This document defines how agents should interpret Chisel responses: security posture, status codes, trust ordering, and heuristic limits. It complements AGENT_PLAYBOOK.md (workflows) and ZERO_DEPS.md (dependency policy).

Security model (why native / stdlib)

  • Default Chisel is stdlib-only for core analysis—no bundled third-party Python dependencies in the core install. That reduces supply-chain risk for the analysis runtime.
  • Git is used via subprocess (the git binary), not a vendored library.
  • Parsing uses ast (Python) and regex extractors (other languages), not tree-sitter or LSP in the default package.
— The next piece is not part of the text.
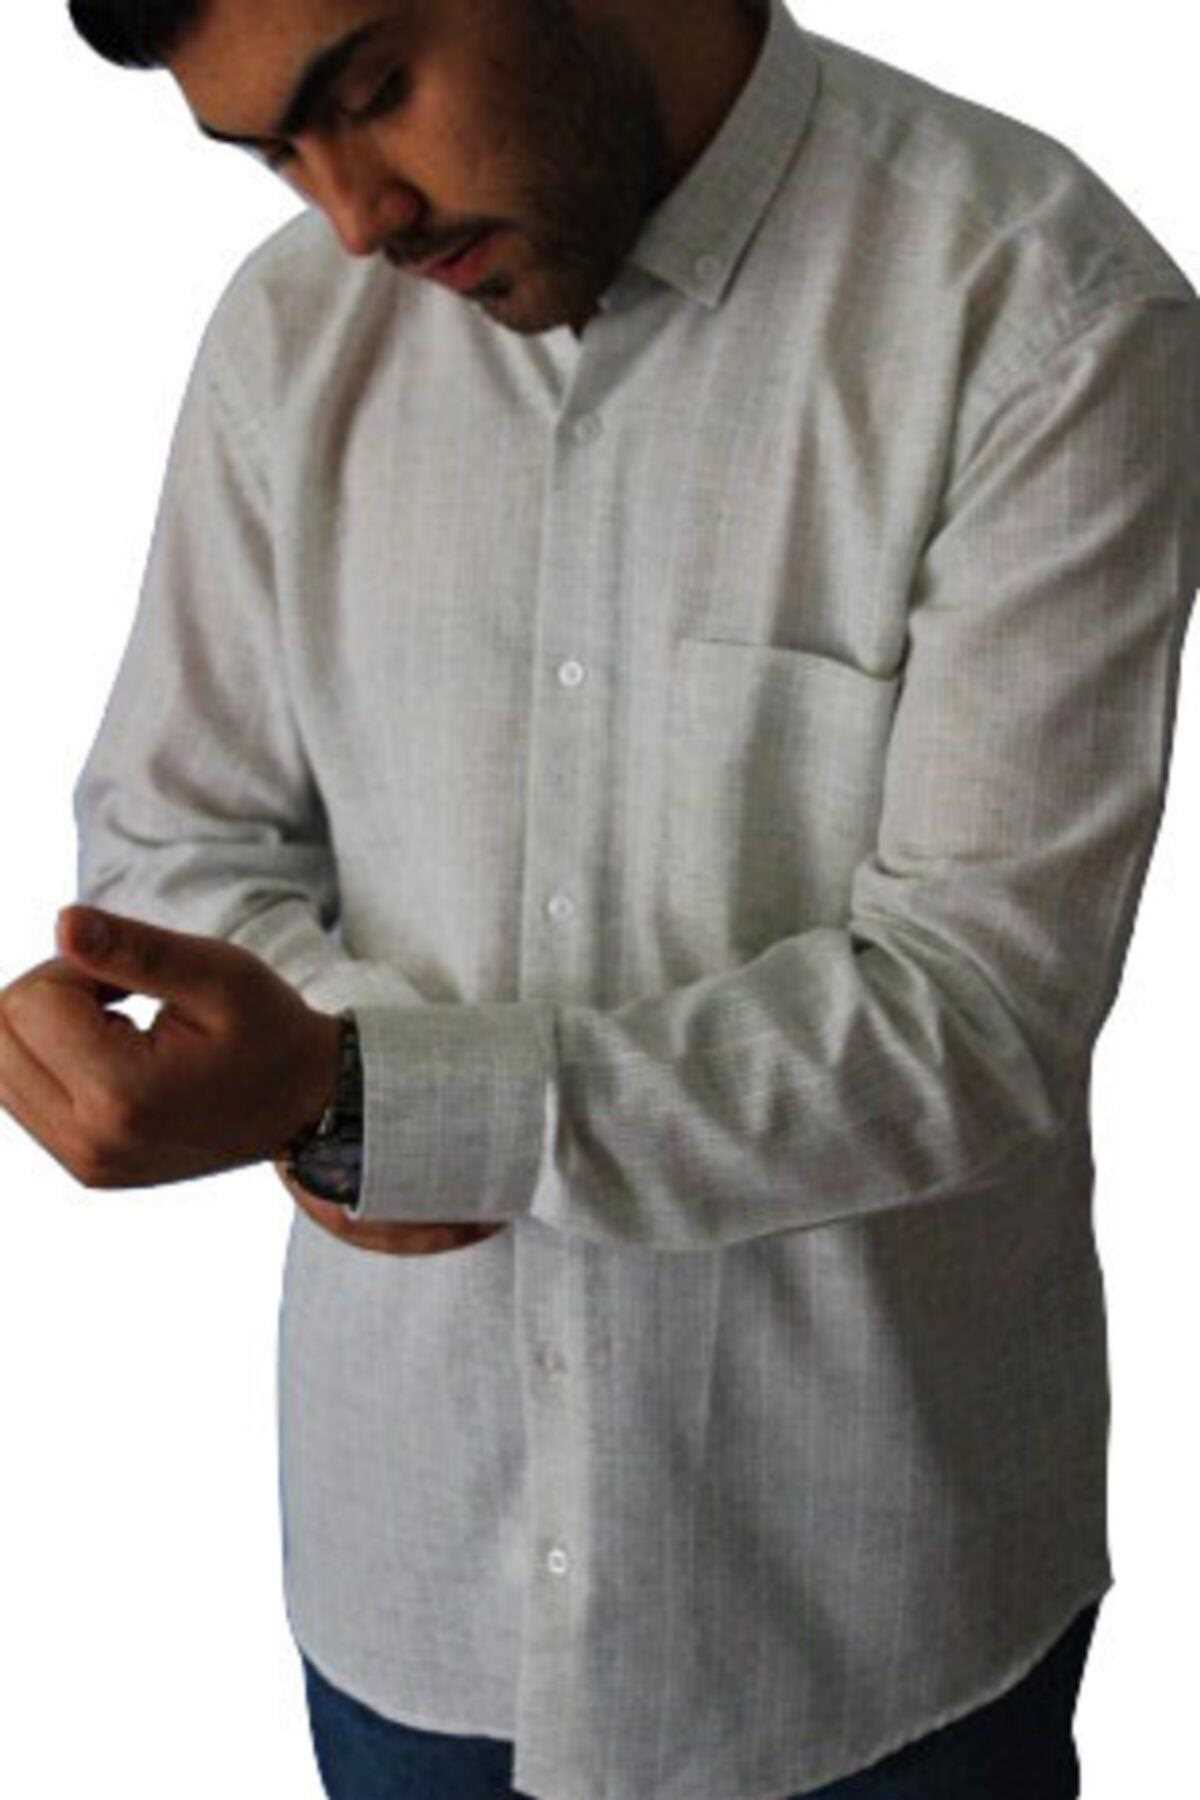 پیراهن مجلسی مردانه از ترکیه برند FOURTUNESS رنگ نقره ای ty147477401

Accuracy trades off against install weight and audit surface.
  • Optional tree-sitter/LSP-style extractors can be registered in the user's environment (register_extractor, CHISEL_BOOTSTRAP) without changing the core wheel—see CUSTOM_EXTRACTORS.md.

Agents should not assume semantic parity with IDE-grade analysis; treat results as strong heuristics plus git facts where applicable.

Response shape: what to read first

When a tool returns a dict, check keys in this order before trusting long lists or scores:

  1. statusno_data | no_changes | no_edges | git_error | stale_db (and tool-specific)
  2. error — e.g. not_a_git_repo on diff_impact / git failures
  3. message, hint
  4. _meta — on risk_map / triage (uniform components, thresholds)
  5. List payloads (files, test_gaps, etc.)

Empty [] without a status usually means “nothing matched,” not “error.” git_error is never an empty list.

suggest_tests item source

Value Meaning
direct Test–code edge in DB
co_change Via git co-change partner
import_graph Via static import graph reachability
static_require Test file import/require resolved to this source path (no DB edge)
hybrid Both DB impact and static scan agree on the same test
fallback Stem/name similarity only
working_tree Untracked file stem match

Trust: direct > hybrid > import_graph / co_change > static_require > fallback / working_tree. Always run tests in the real environment before release.

Dynamic require() and confidence scoring

Chisel's JS/TS extractor detects require() patterns that cannot be statically resolved:

dep_type require_type Confidence Example
import (static) 1.0 require('./foo')
tainted_import variable 1.0 const M = './foo'; require(M) — path was statically traced
dynamic_import variable 0.3 require(variable) — unknown variable
dynamic_import template 0.4 require(`./${x}`)
dynamic_import concat 0.2 require('./' + name)
dynamic_import conditional 0.3 require(cond ? './a' : './b')
eval_import eval 0.0 new Function('require', code)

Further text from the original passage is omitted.